Our vision is a reconciled people living in a united, just and prosperous new Ireland.

The Good Friday Agreement answered John Hume and the SDLP’s long call for an Agreed Ireland.

John Hume’s concept of an Agreed Ireland was not only to achieve a political agreement among parties and governments but to have that agreement democratically ratified by the people of Ireland, north and south. The double referendum respected and recruited the sense and source of legitimacy of both traditions:

  • For nationalists, the wishes of the clear majority of the Irish people.
  • For unionists the wishes of a majority of the people of Northern Ireland.

Arrangements which were made legitimate in the ethos of each tradition could enjoy shared allegiance from both and democratic participation by all parties.

The Agreed Ireland has not removed the differences between unionists and nationalists. But it has overcome the barriers to shared democratic responsibility and opportunity which resulted from how those differences previously expressed themselves.

The incontrovertible legitimacy of the structures and prospectus of the Good Friday Agreement as the expressed will of the people of the island has removed any pretence to validity for violence in the name of any cause.

Our disappointment that the Agreement has not been implemented with the pace and purpose promised does not diminish its validity.
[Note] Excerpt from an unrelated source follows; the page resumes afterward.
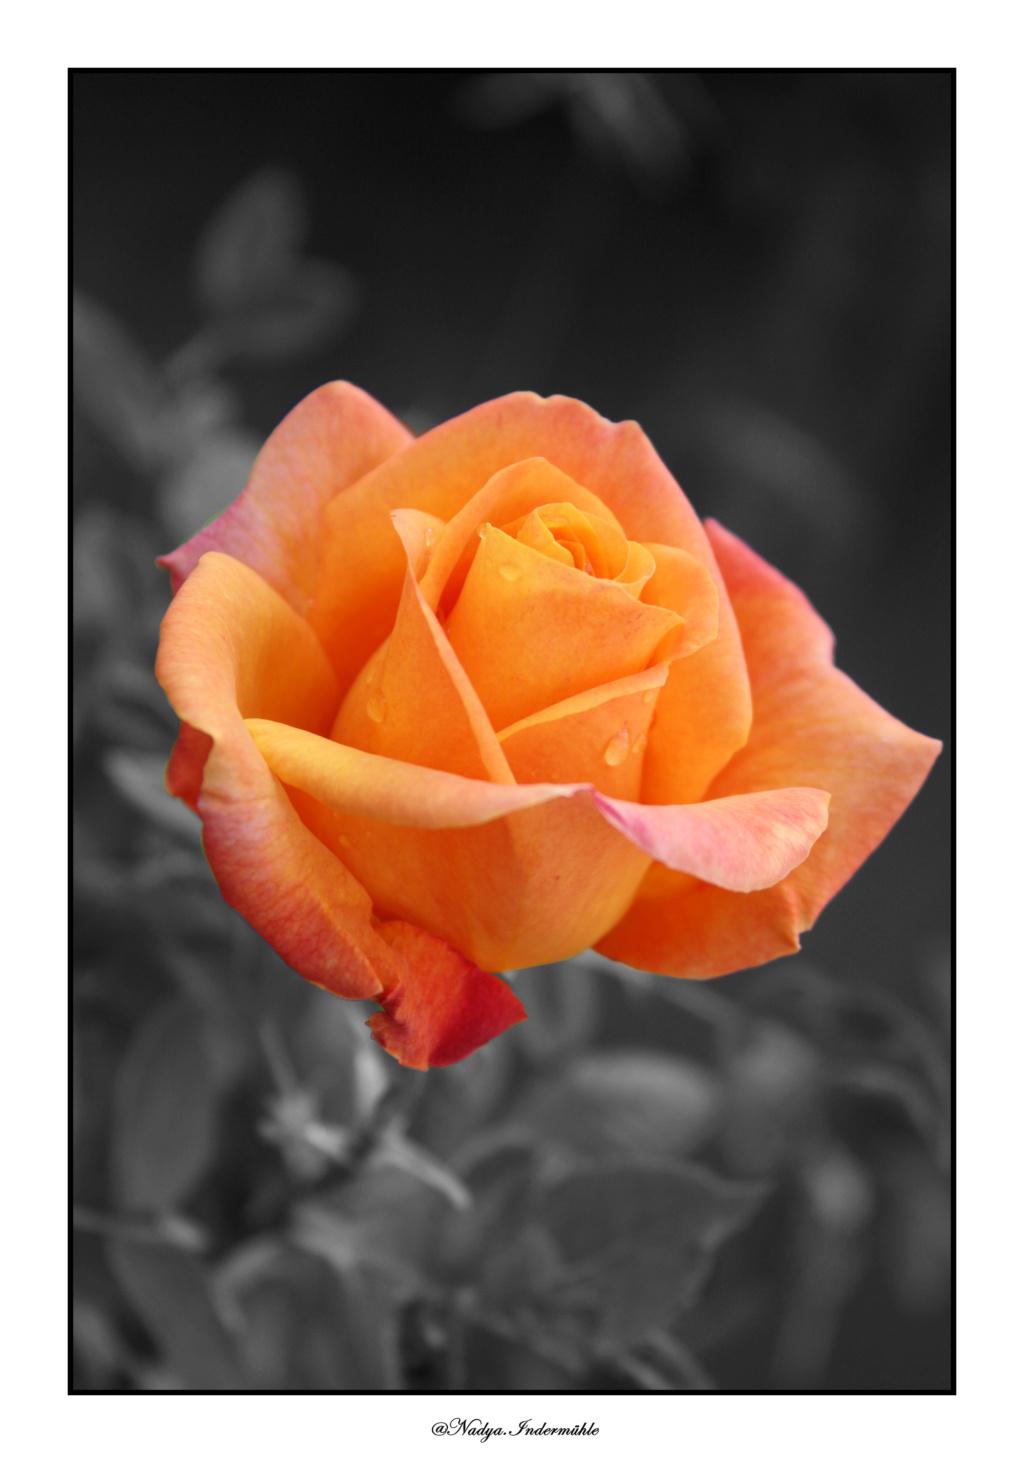 Ma roseraie - Page 2 Avant_10

We would prefer if instead of evasion, posture-games, stand-offs and delays, the integrity of the Agreement had been properly reflected in an integrity of delivery on their responsibilities by all parties.

In honesty, the Agreement has not been delivered to the full and much of what has been delivered is far from being worked to its full potential. These concerns are not evidence of the Agreement failing, but of it being failed on a number of counts over the years.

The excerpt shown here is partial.